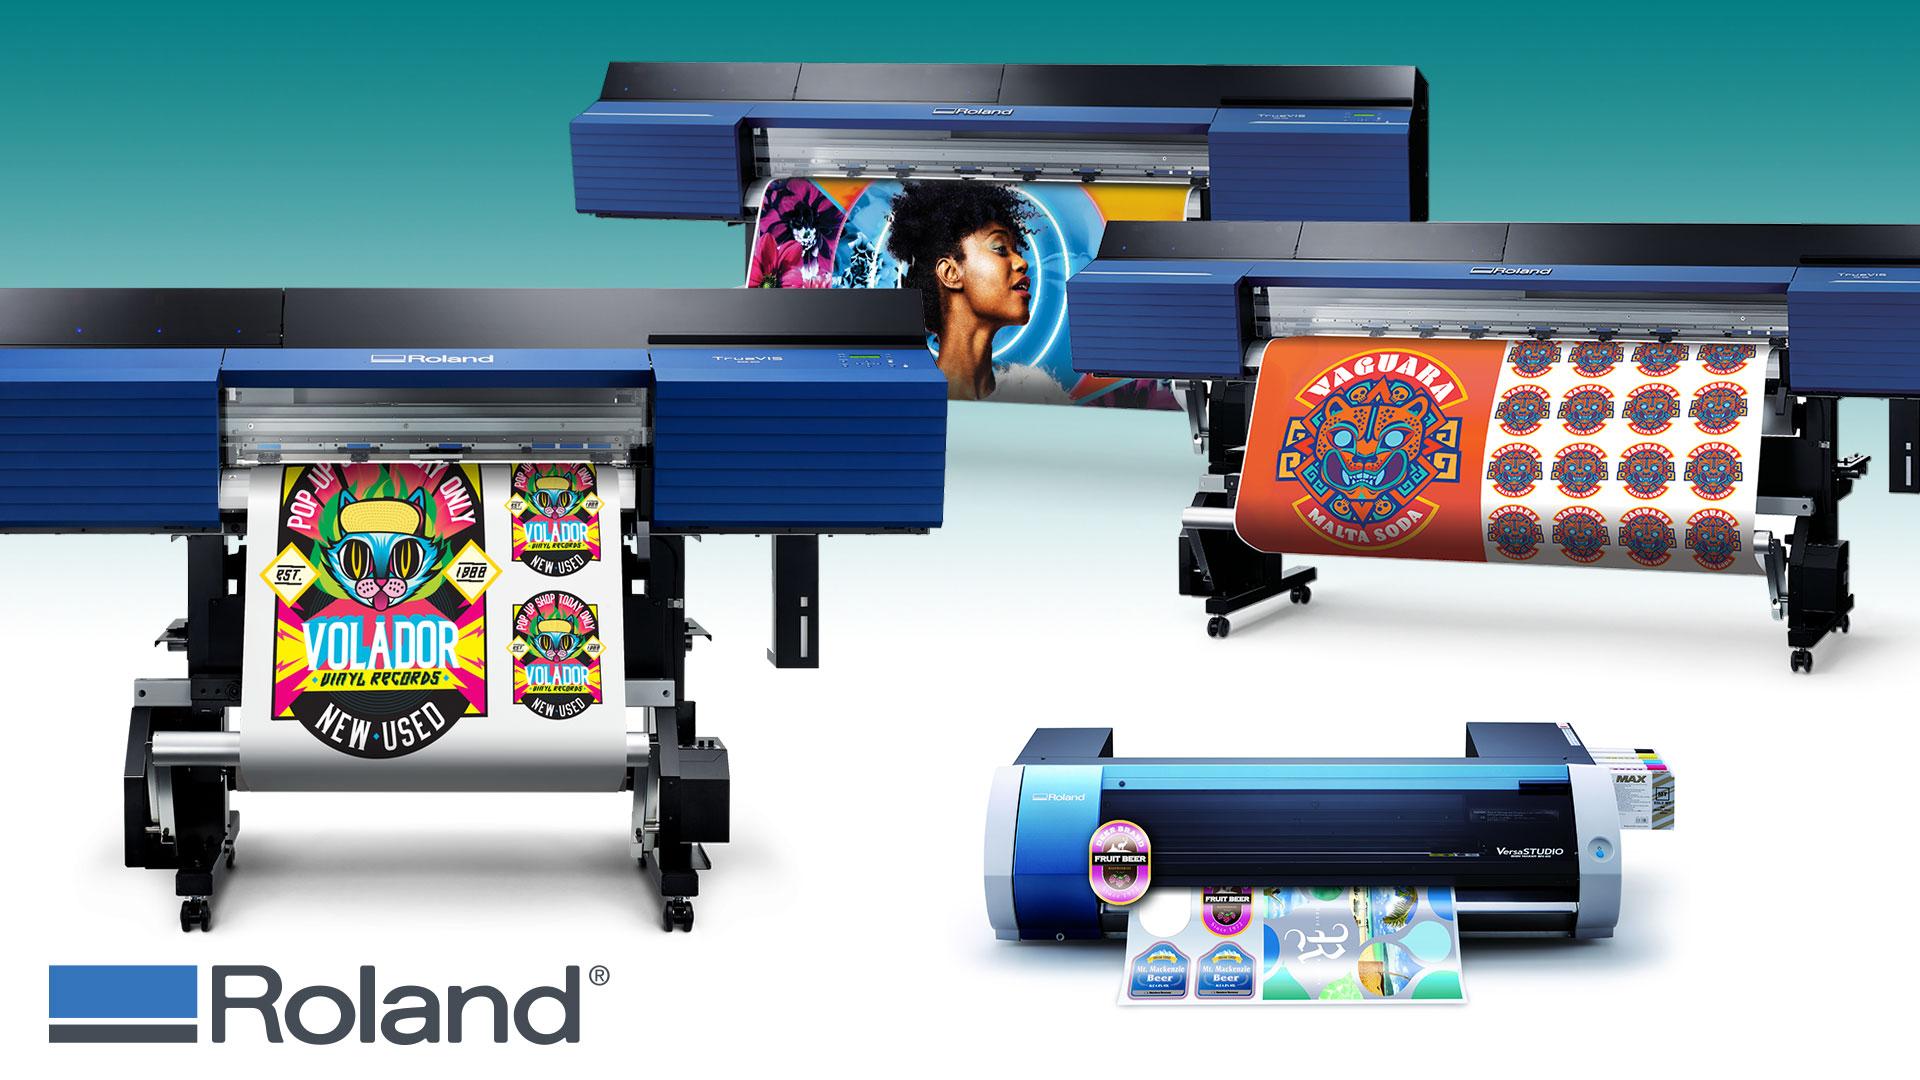 1920x1080 Roland Printers 1
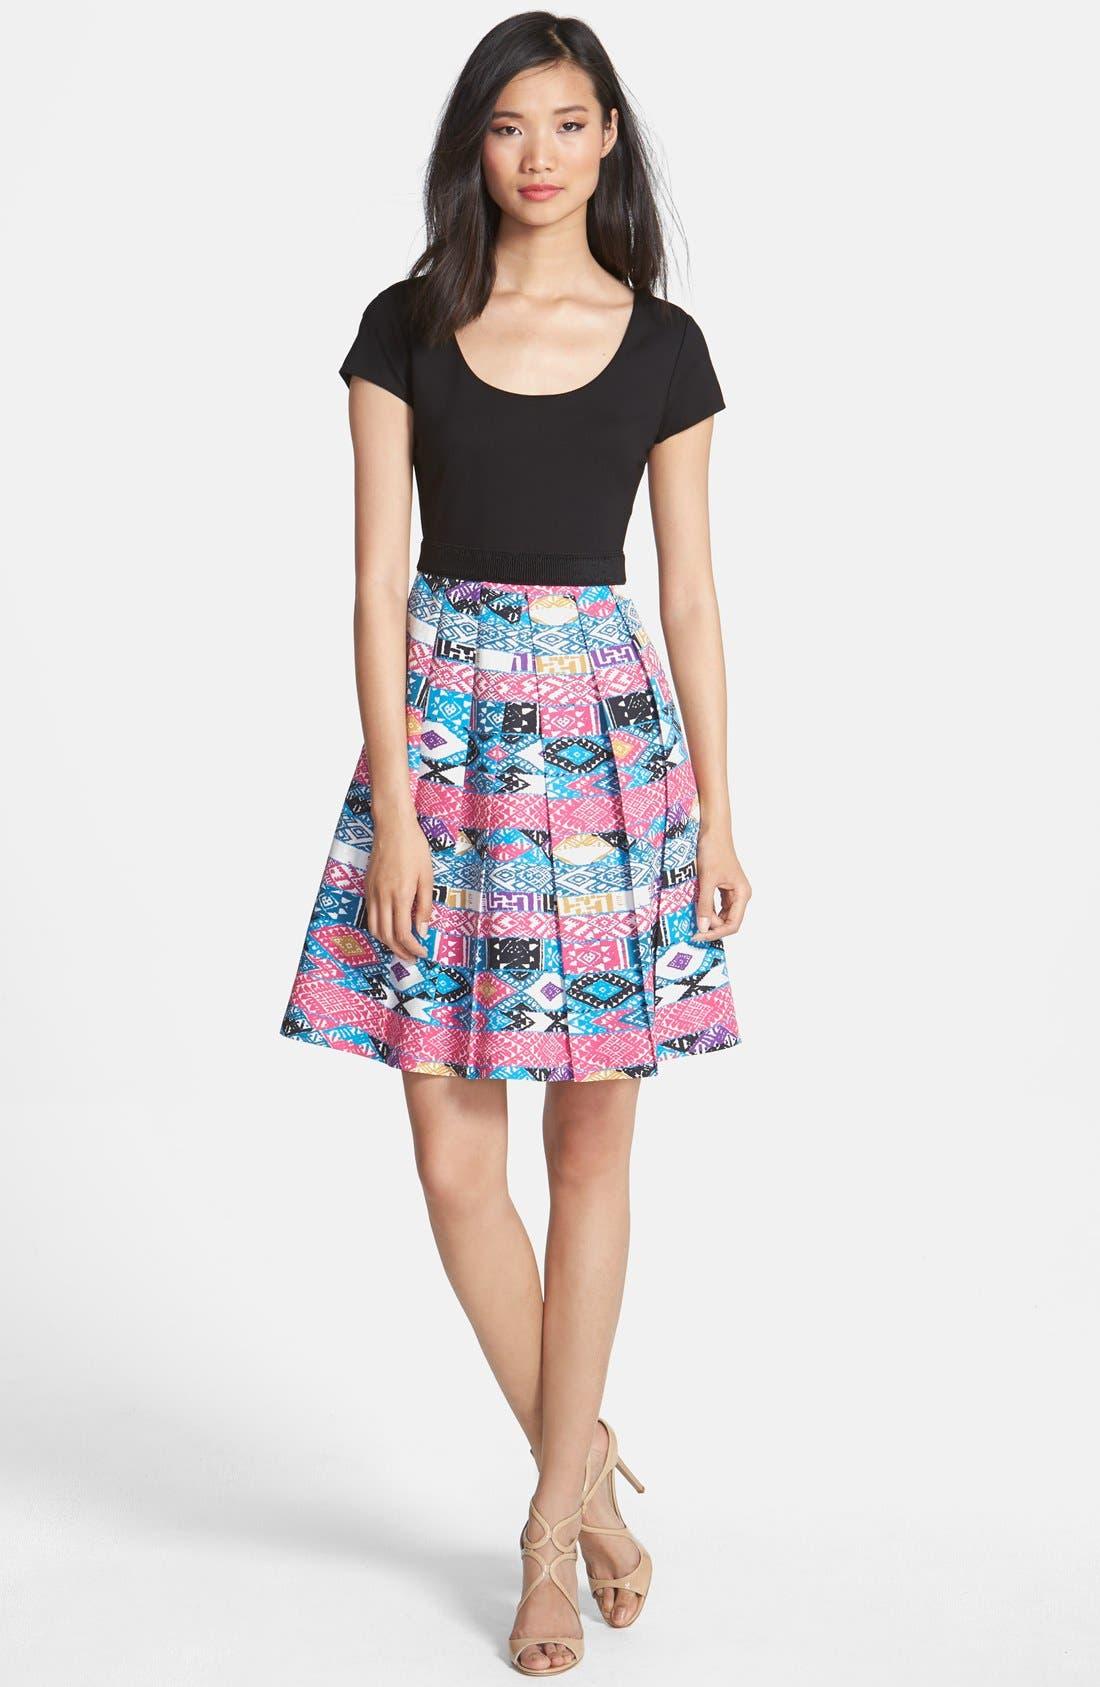 Main Image - Plenty by Tracy Reese 'Zoe' Print Skirt Fit & Flare Dress (Petite)
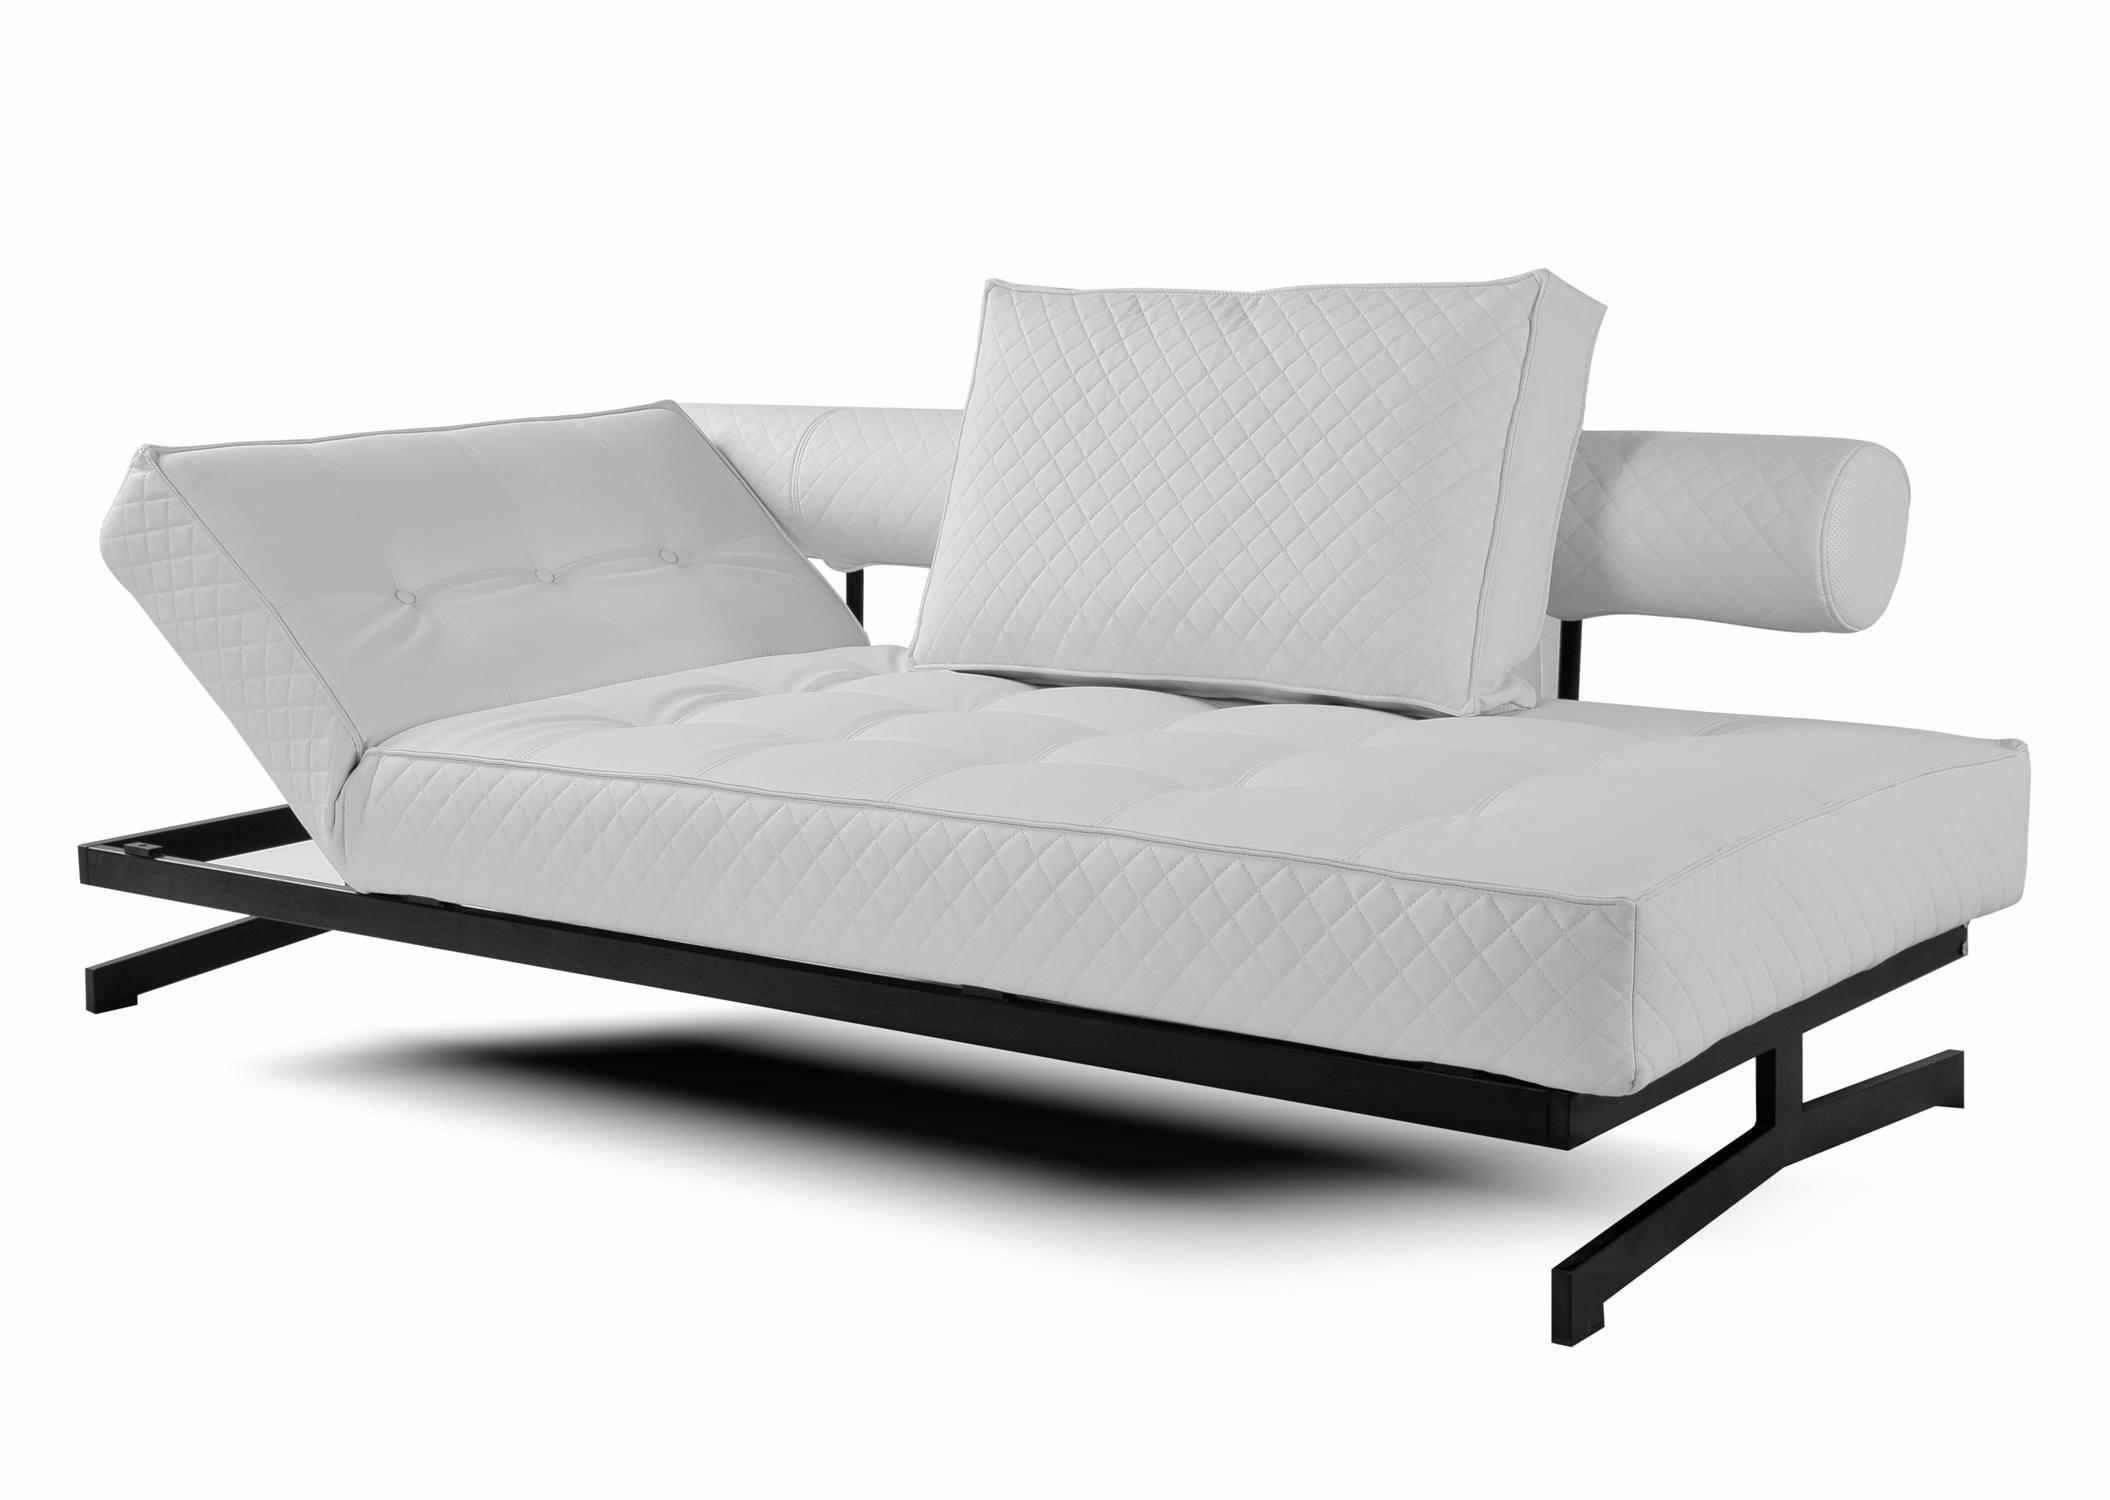 Sofa Lounger | Sofa inside Euro Sofa Beds (Image 12 of 15)

## Task to complete
The line containing "Main Image - Plenty" marks the start: set down exactly that line and every line after it through the last line of the data, without any pictures.

## Completed task
 Main Image - Plenty by Tracy Reese 'Zoe' Print Skirt Fit & Flare Dress (Petite)
 Sofa Lounger | Sofa inside Euro Sofa Beds (Image 12 of 15)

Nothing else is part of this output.